Thursday, September 22, 2011

Chapter Thirty-Five


Shoulders Hill, Virginia
9:51 AM

I had arrived an hour earlier.  I sat in the car across the street from the storage facility.  I was fighting it, but knew what was coming -- not what might be coming from outside, but from my own body.
I was exhausted. Shooting pains fired in my legs. A dull throb beat my head. My skin felt afire.  Fibromyalgia had me.
I never know when it will flare up.  Stress, extraordinary effort, weather – all could tip me over the edge.  I could push it back some with mass quantities of Vicodin.  But I had just counted the number I had left and felt sick dread wash over me when I found I had too few.  My addled brain doesn't keep track of these things.  Some months I have plenty left when the refill is due.  Others, like now, barely enough. 
I opened the bottle and grabbed a pill.  I wanted two.  I looked at it for a while and fought the urge.
I broke the pill in half with my thumb, then dropped the second half back into the bottle and screwed it shut.  I had nothing to take it with so mustered some saliva and choked it down.  They taste bad.
Waiting would not make this easier.  So I re-started the car.  I had just entered the four lane when a truck’s horn blared at me.
My heart raced.
How did I not see that truck?
I backed off the road, put the El Camino into park again and tried to slow my breathing.  I felt sick.
A light rain began to fall.  Thunder rumbled in the distance.  I checked my pulse.  Slowly, my body regained equilibrium.
After double-checking each way, I pulled across the highway and into the parking lot of the cold storage facility.  The lot was only half full.  Probably the economy.  An open space fell between a beat Camry and a pickup with designer wheels. 
What the hell do I do now?  Walk in and say, "You guys know anything strange about Head, Shoulders, Knees & Toes?"
My body spasmed.  I sat, flinching from pain, and stared at the front door.  The door was white, scratched and dented with crappy red lettering that bespoke the company name.  The engine continued its soft purr until I realized I hadn't even put it in park. 
I turned the engine off.  Then I looked at my sea bag.  It was heavy canvas in OD green (olive drab).  At a gas station I had secreted my 1911 pistol into the false bottom I had sewn into the bag long ago.  I wanted to take the pistol, but didn't want to dump the bag's contents if I had to make a quick reach for it.
Shrugging, I grabbed the duffle and pulled it as I got out.  It fell onto the ground but left enough clearance for the door to swing over it.  I locked the door with the key.
Why did I lock it?
I grabbed the strap of the bag, slung it over my shoulder and walked to the entrance.  Taking a deep breath, I opened the door and went in.
Fluorescent lights high above cast shadows in the dim front area.  A forklift groaned somewhere in the back.  A bald man in blue coveralls sat on a stool at the counter with a sheaf of papers in his hand, a pencil in his teeth and glasses low on his nose as he looked into an old computer monitor.  He muttered through the pencil and ignored me as I walked over. 
He typed with two grubby fingers.  I could see the monitor; it was monochrome black with orange type.  I hadn't seen one of those for twenty years.
I coughed politely.  He ignored me. 
Finally, he took the pencil from between his teeth, hashed some lines across the top paper in his hand, and then peered over his glasses at me.
“Whadda ya want?”  Real friendly.
“I'm expecting a package to be delivered here.”
“Name?”  His expression did not change a wit.
“MacGregor.”
He grunted and looked at his antique screen.  With the same two dirty fingers he pounded the keyboard.  He stared at it for a moment, then grunted again.
“Yeah.

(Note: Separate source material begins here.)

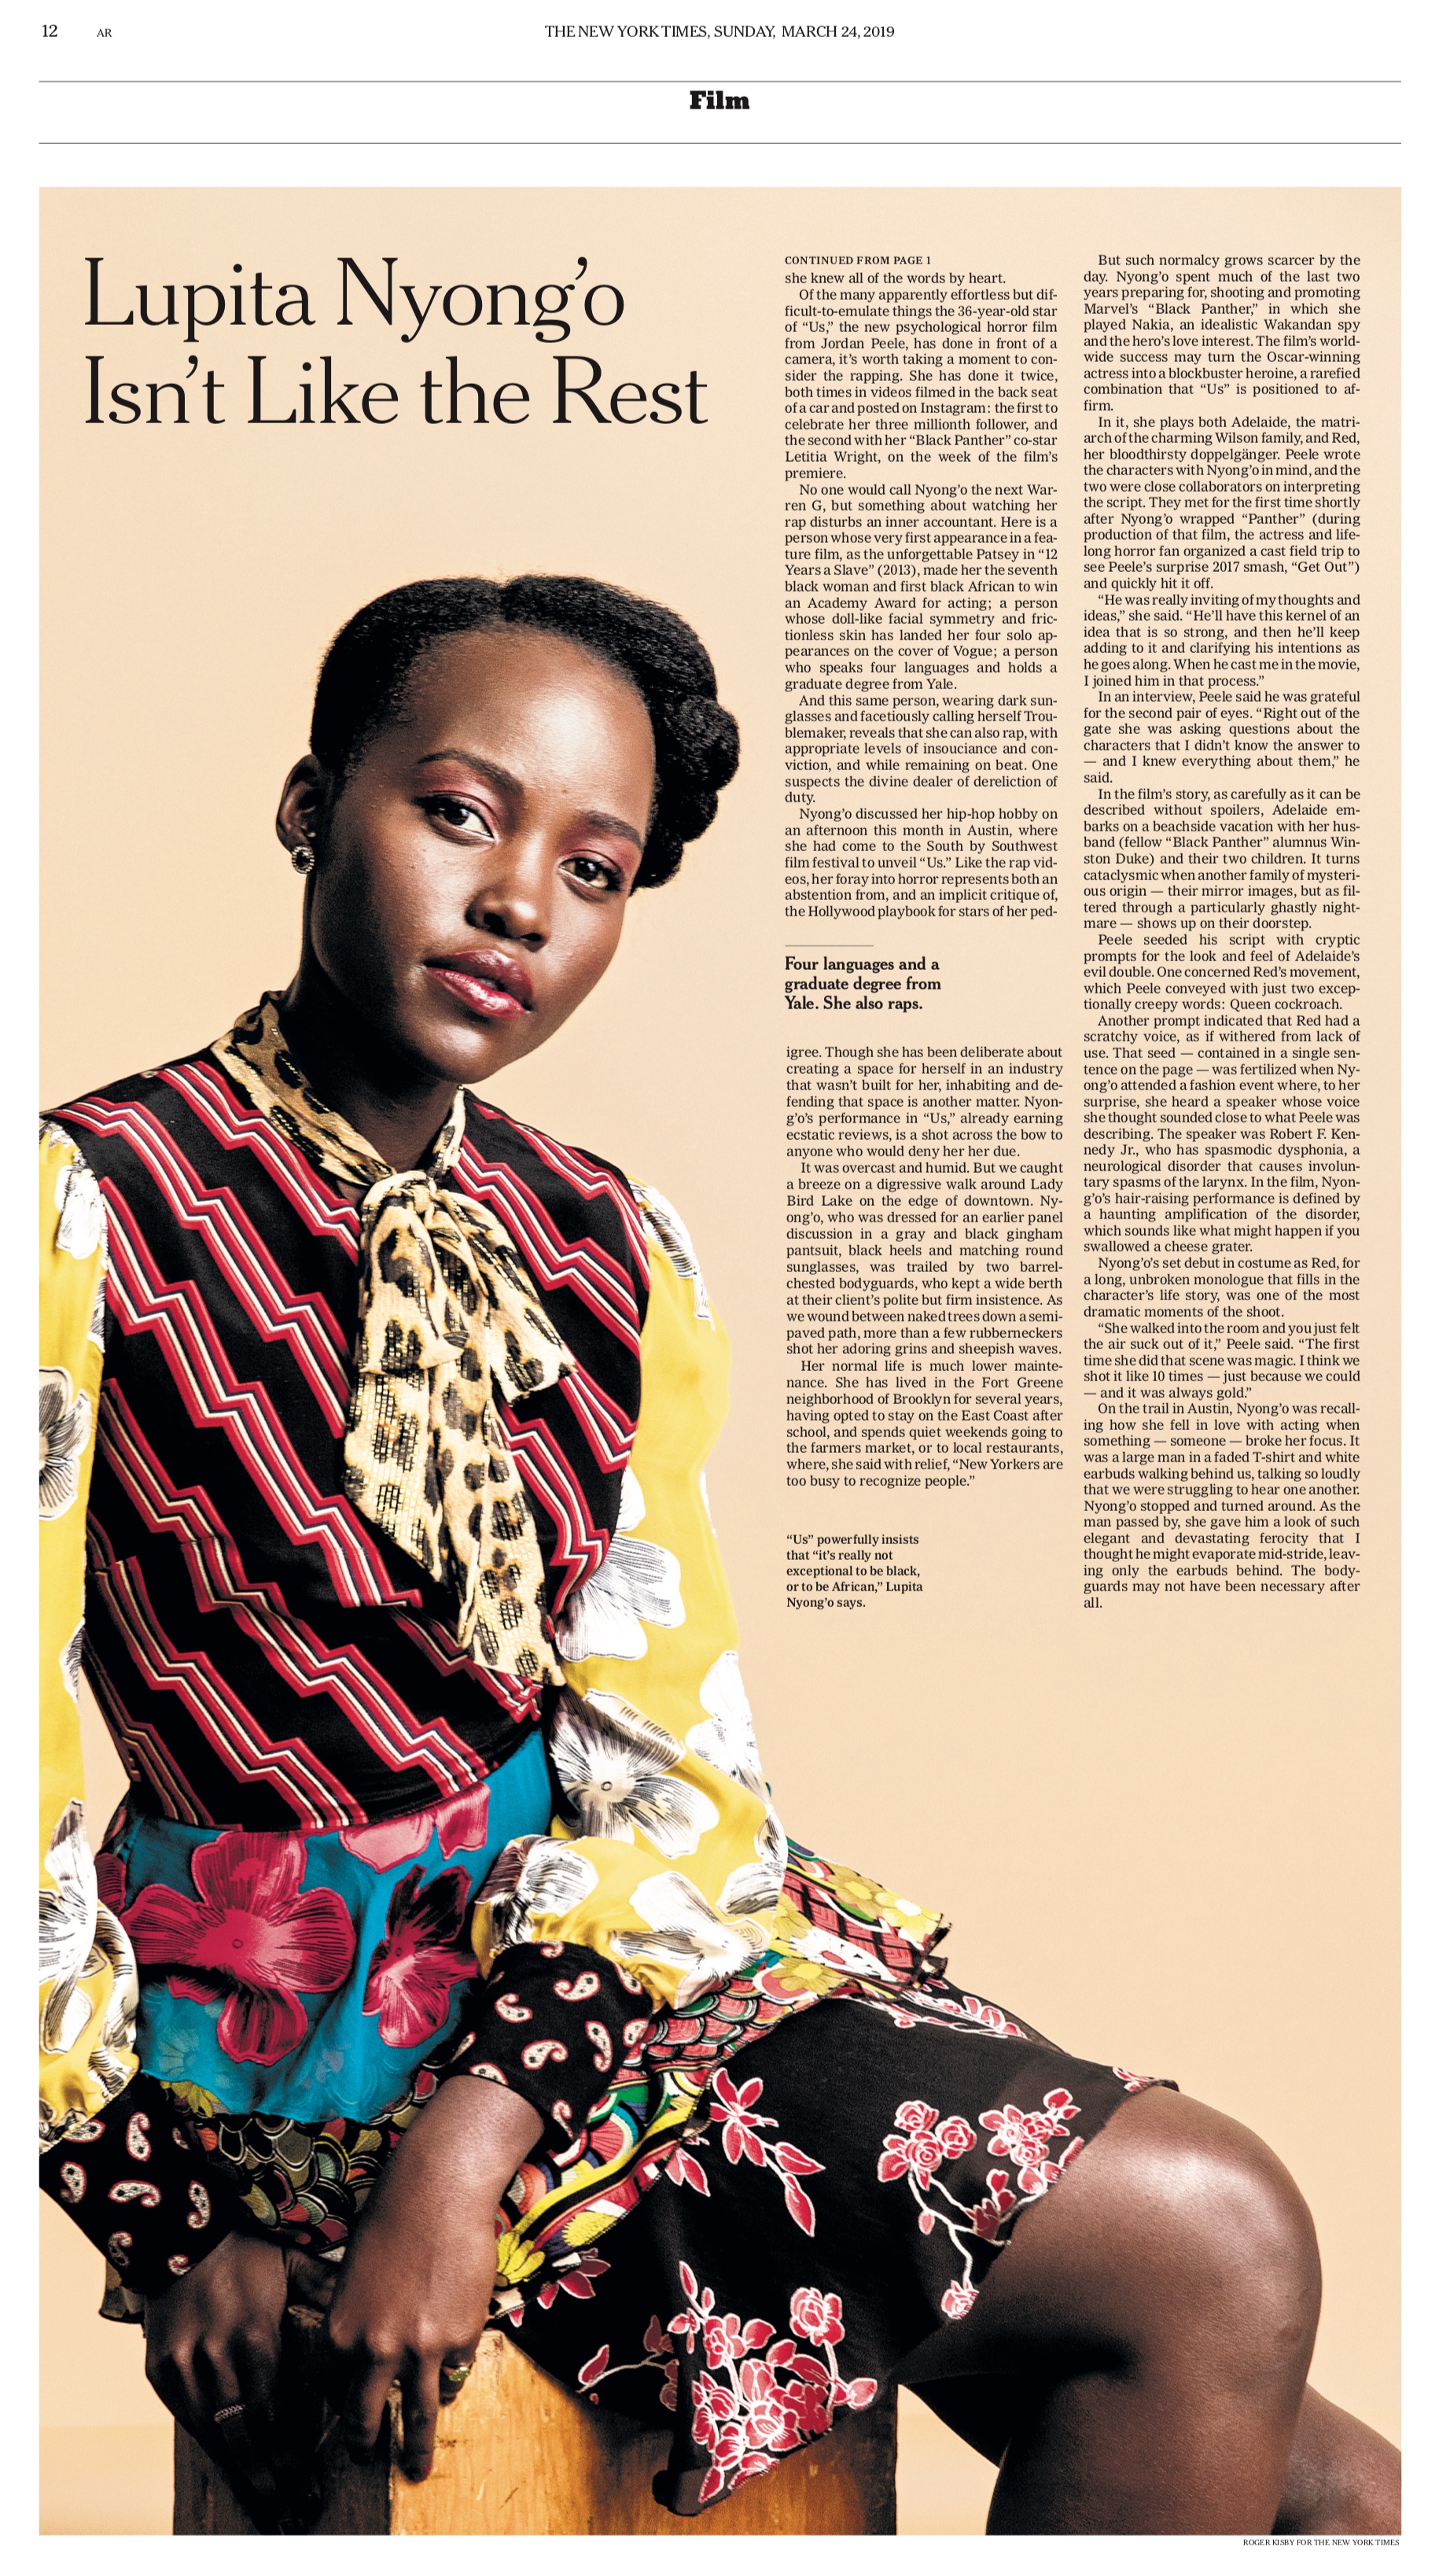  Lupita Nyong'o for  The New York Times

Back here.” He grumbled as he lumbered off the stool and started walking. He moved fast for a guy who looked like he'd been glued to that perch forever.
I stood for a moment before realizing he wanted me to follow.  So I did.  He didn't slow down.  I was gassed from driving all night and the sea bag wasn't light. I fought to keep up.  He rounded a corner. When I came to it, I realized he had sped up.  Cinching the strap up from where it had slipped, I half ran to catch him.  A single bulb lit a door at the end of the corridor.  He went through about 50 feet ahead of me.
I jogged to the door and flung it open.
“Hello, Jake,” said Walters.
I stared at him. 
Something hit the back of my head and I dropped to the floor.